An der Theke versammeln sich gerne die anwesenden Stammkunden zu einem Familienfoto. An diesem Tag sitzen viele Gäste im kleinen Vorgarten, um die Sonnenstrahlen in den frühen Abendstunden zu genießen.

Rocchigiani und viele Familienfeiern

In diesem Lokal hat schon die Hochzeitsfeier der Eltern, die Feier zur Einsegnung und die Feier zum 18. Geburtstag von Katharina Jeske stattgefunden. Aber auch ihr Sohn hat seinen 18. Geburtstag im „Meet one“ gefeiert: „Ganz groß wurde der 65. Geburtstag meiner Oma gefeiert.“ Zu diesem Zeitpunkt wurde Graciano Rocchigiani Box-Weltmeister. Sie erinnert sich noch gut daran, dass der Box-Profi ab und an das Lokal besucht hat: „Gerade kürzlich war er mit seinem Bruder bei mir.“ Die frühen Fotos vom Weltmeister hat sie, trotz intensiver Suche mit ihrer Mutter, nicht gefunden: „Ich kann mich noch gut erinnern. Er hatte sein Weltmeisterauto direkt vor der Tür abgestellt.“ 1988 wurde Rocchigiani nach Max Schmeling und Eckard Dagge der dritte und damit der jüngste deutsche Boxweltmeister.

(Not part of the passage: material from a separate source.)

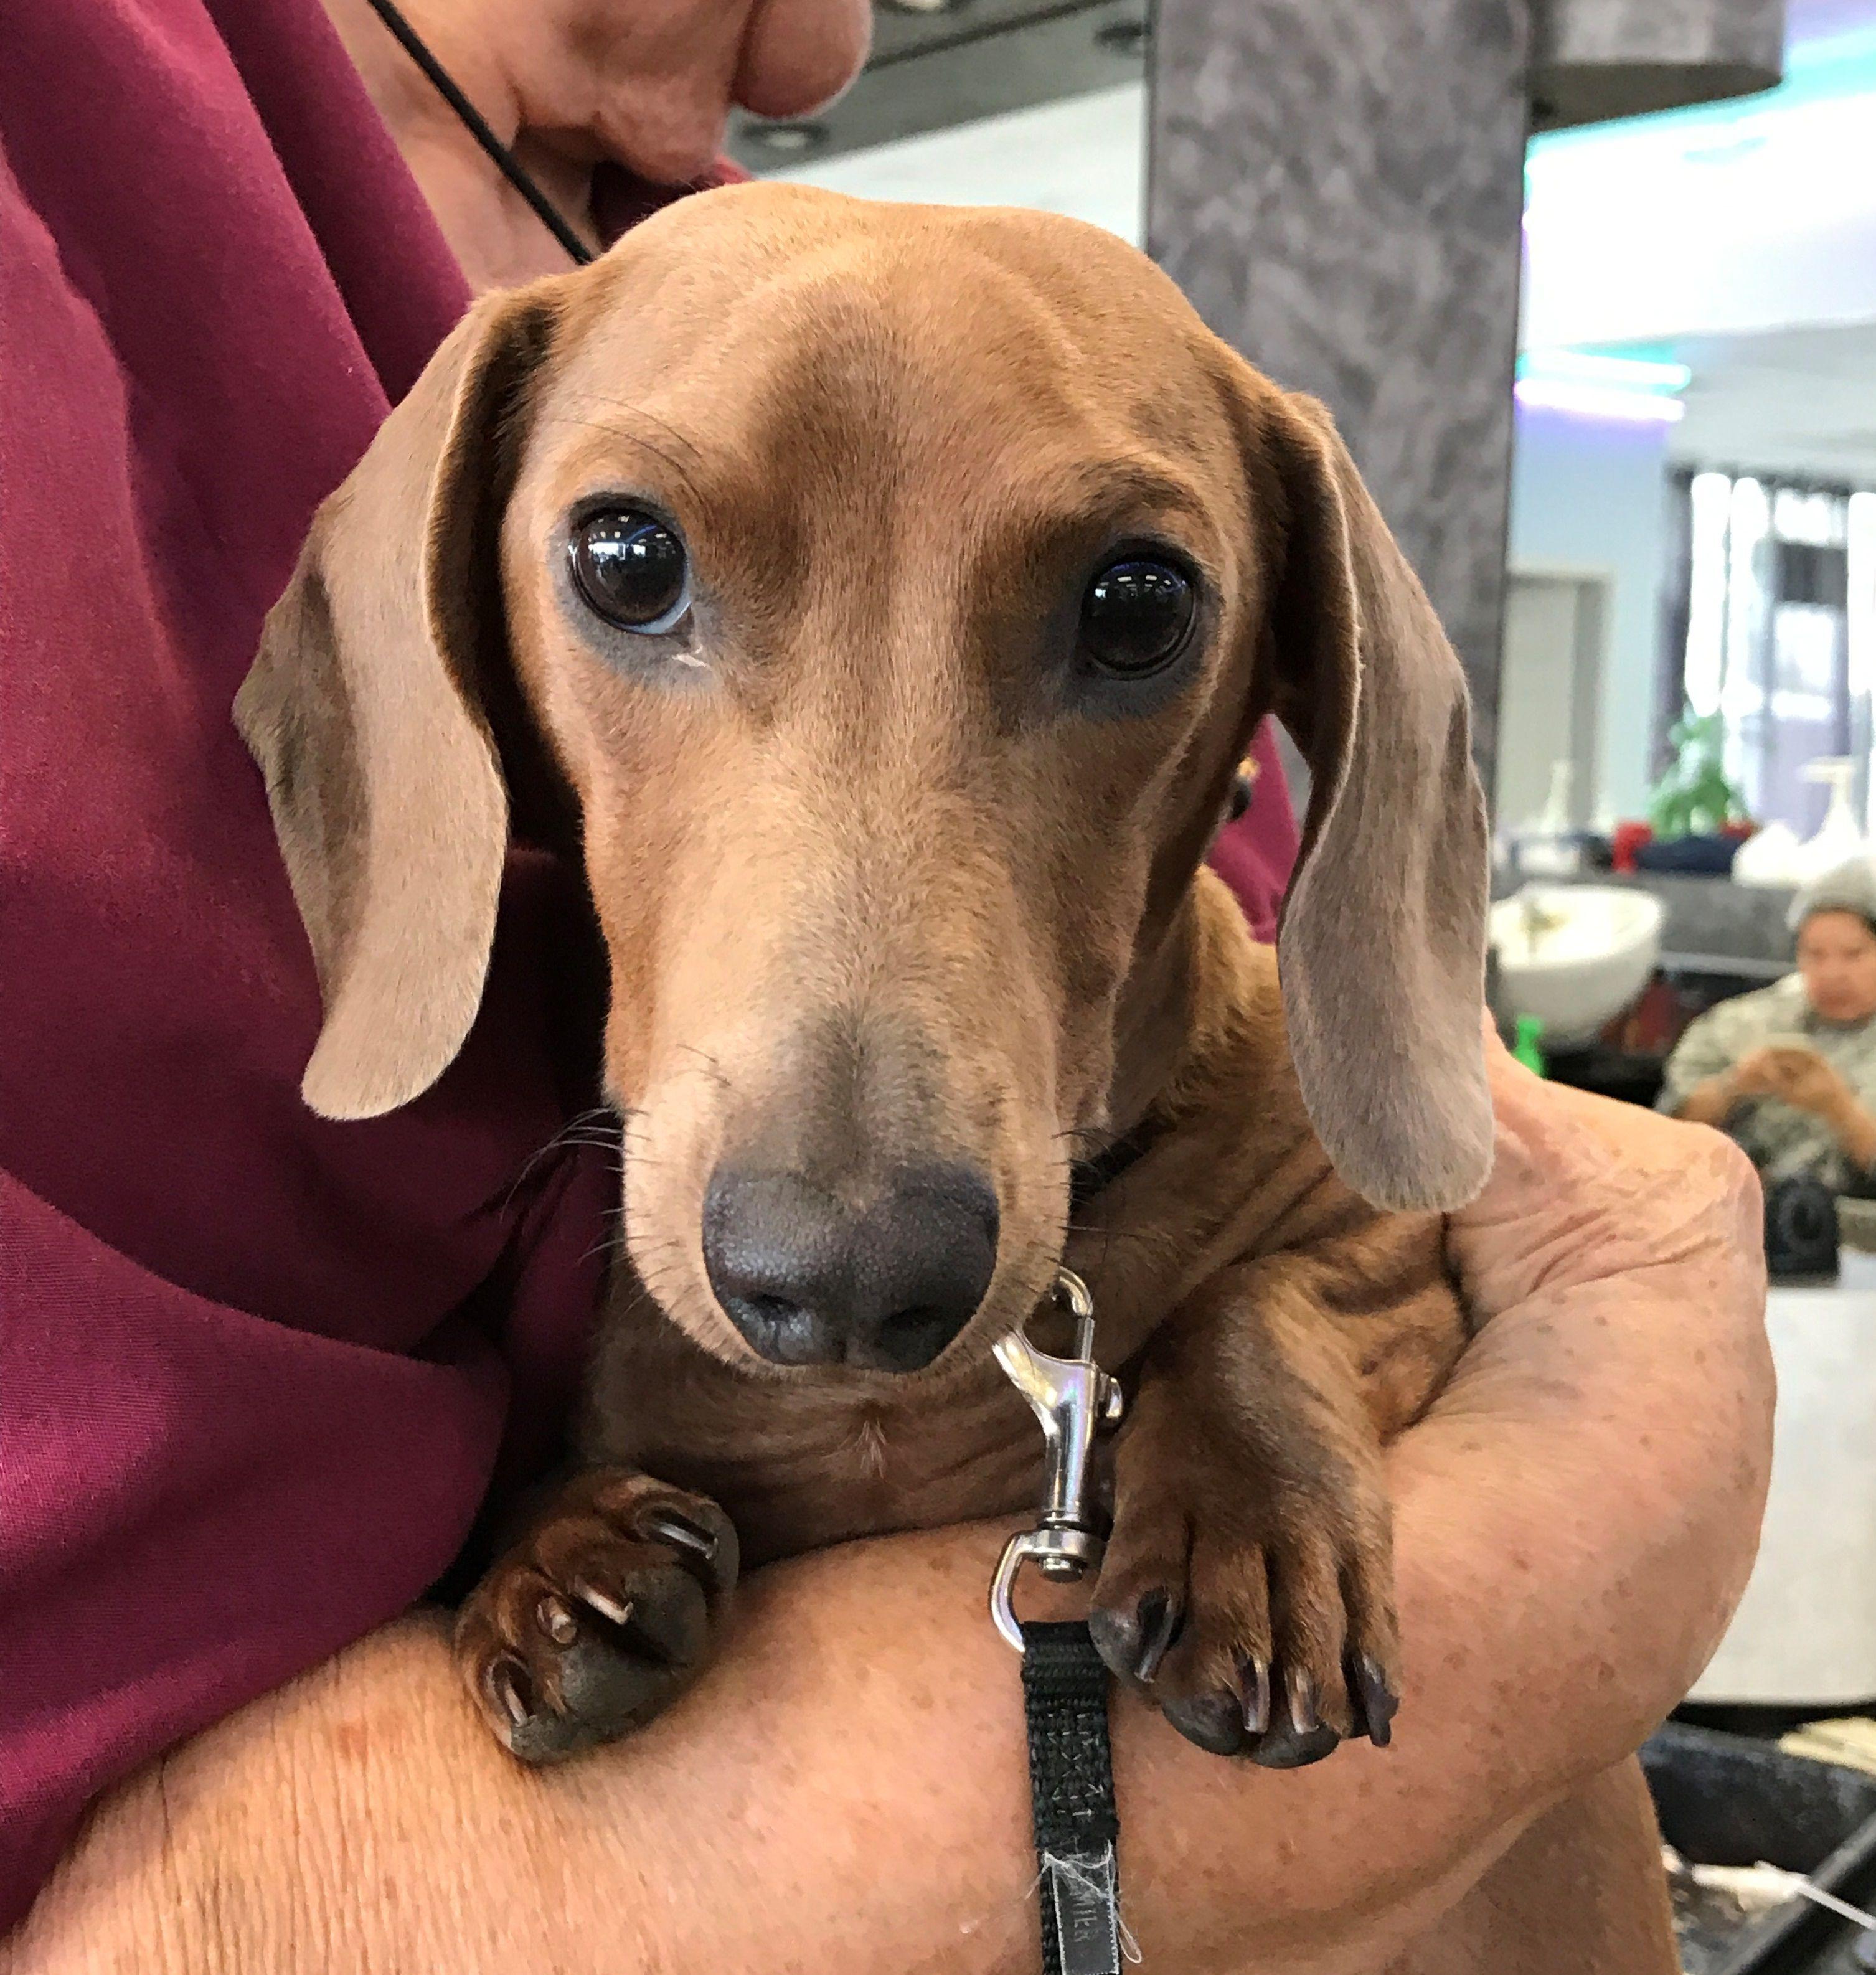 Dachshund dog for Adoption in Pearland, TX. ADN695910 on

Abschied und ein Neuanfang

In Facebook ist das „Meet one“ vertreten und verabschiedet sich über dieses soziale Netzwerk: „Zeit zu gehen ... auch wir sind vom Dresdner-Bahn-Ausbau in Lichtenrade betroffen und müssen leider unseren Laden nach 40 Jahren im Familienbesitz und in dritter Generation schließen. Schweren Herzens stellen wir Ende Juli 2018 den Betrieb ein.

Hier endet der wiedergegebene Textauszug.